### What needs to be done
As you look over the data below, please find each line where the word "Shorts" appears, then copy it.

### Dataset content
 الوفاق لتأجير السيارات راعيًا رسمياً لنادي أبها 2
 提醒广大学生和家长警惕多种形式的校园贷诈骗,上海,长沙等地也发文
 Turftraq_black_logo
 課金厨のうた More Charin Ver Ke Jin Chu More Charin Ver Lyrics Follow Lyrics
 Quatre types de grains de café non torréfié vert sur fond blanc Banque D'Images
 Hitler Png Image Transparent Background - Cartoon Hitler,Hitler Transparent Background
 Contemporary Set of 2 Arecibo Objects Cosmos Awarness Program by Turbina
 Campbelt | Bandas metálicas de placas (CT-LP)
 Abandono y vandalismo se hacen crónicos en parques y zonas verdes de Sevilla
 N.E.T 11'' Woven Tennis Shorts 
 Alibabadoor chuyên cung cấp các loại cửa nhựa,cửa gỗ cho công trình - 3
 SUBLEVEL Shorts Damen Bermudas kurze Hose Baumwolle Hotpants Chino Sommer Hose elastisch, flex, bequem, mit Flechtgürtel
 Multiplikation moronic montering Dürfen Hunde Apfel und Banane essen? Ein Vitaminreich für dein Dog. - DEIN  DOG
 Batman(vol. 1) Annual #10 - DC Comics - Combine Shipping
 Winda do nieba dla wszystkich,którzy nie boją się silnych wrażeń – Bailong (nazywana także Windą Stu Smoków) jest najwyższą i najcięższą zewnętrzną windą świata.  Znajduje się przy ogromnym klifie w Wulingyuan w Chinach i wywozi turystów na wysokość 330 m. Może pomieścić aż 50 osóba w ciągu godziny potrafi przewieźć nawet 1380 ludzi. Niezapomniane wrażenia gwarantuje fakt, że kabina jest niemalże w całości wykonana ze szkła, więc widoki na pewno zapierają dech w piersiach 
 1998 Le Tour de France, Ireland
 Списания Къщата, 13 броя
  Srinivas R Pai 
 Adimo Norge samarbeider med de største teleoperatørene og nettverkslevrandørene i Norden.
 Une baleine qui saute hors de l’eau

### Answer to the exercise
 N.E.T 11'' Woven Tennis Shorts 
 SUBLEVEL Shorts Damen Bermudas kurze Hose Baumwolle Hotpants Chino Sommer Hose elastisch, flex, bequem, mit Flechtgürtel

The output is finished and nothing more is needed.